For a UK-facing audiovisual service, FAST presents both an opportunity and a discoverability problem. The opportunity: free distribution at scale, often pre-installed on smart-TV operating systems, with an inventory model that rewards channel proliferation. The discoverability problem: when a viewer's electronic programme guide carries five hundred named channels, no individual channel can win attention by being there. Channels win by being remembered.

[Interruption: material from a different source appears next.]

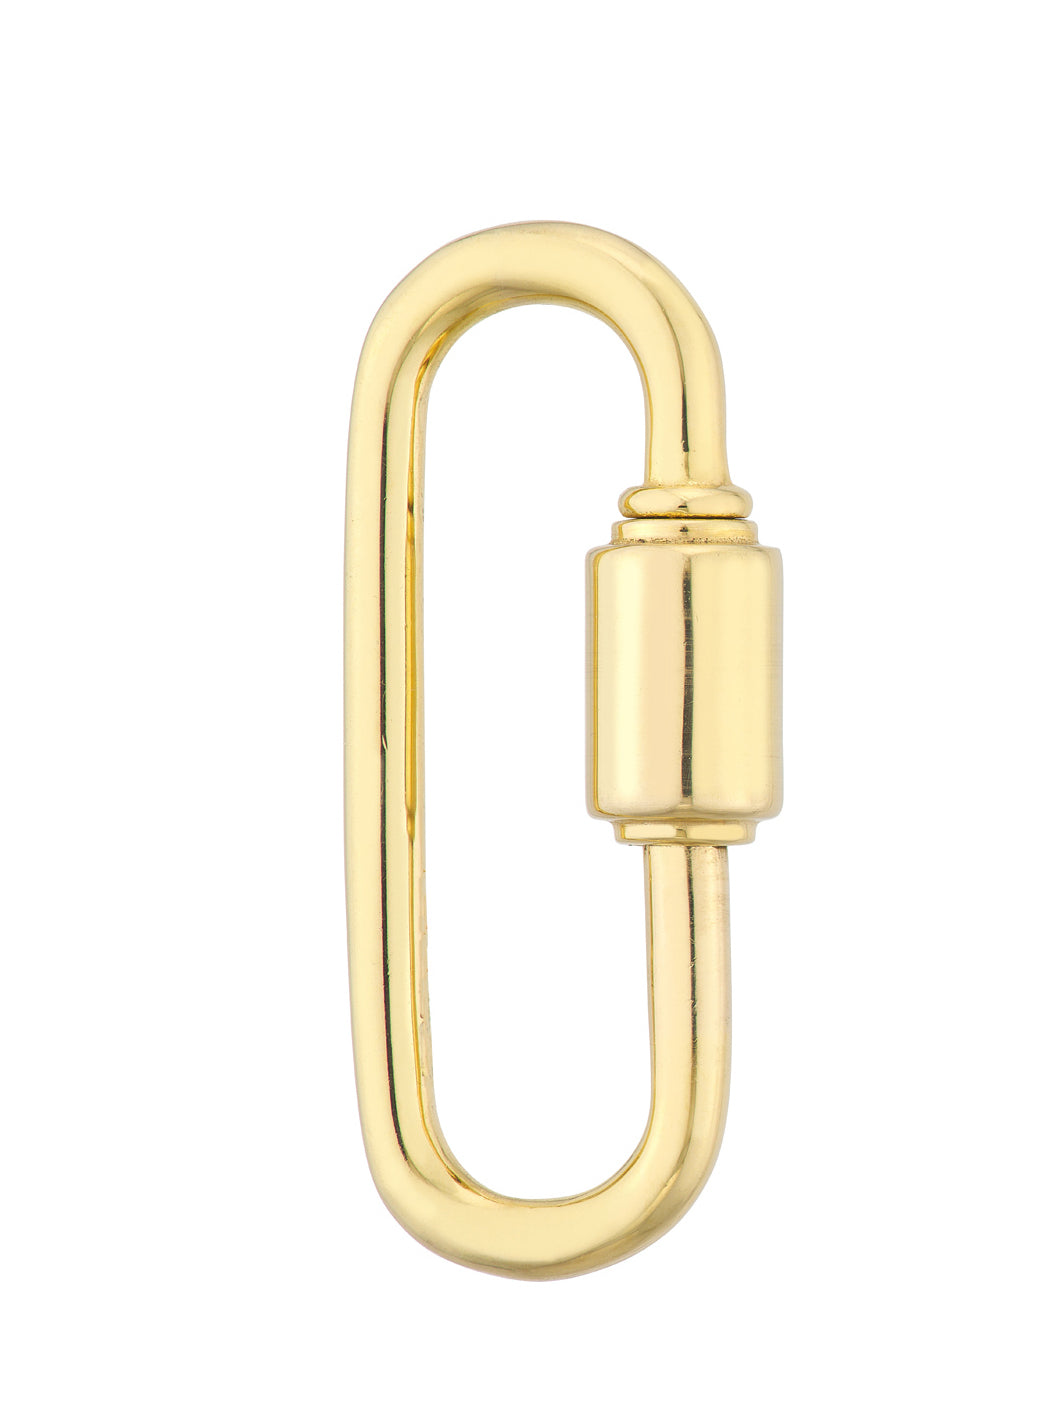 14k Yellow Gold Carabiner Oval Clasp Lock Connector Pendant Charm Hanger Bail Enhancer

The asymmetry of name length

A FAST channel's primary marketing surface is the channel guide, a vertically-stacked list of names rendered in roughly fifteen characters of width. Names that compress well into that window have a structural advantage. A name that fits inside the window without truncation is read; one that does not is partially scrolled past, partially recognised, and partially forgotten. The premium for compression compounds with every channel-guide impression.

IV  ·  What broadcasters did with the year

The traditional public-service broadcasters (PSBs) ended 2024 in better shape than the linear viewing decline alone would suggest. The UK commercial TV and online video sector recorded total revenues of £17.1 billion in 2024, a 3.3% year-on-year increase. Broadcaster video-on-demand (BVoD) revenue topped the £1 billion mark for the first time in 2024, a milestone the category had been approaching for several years.[8]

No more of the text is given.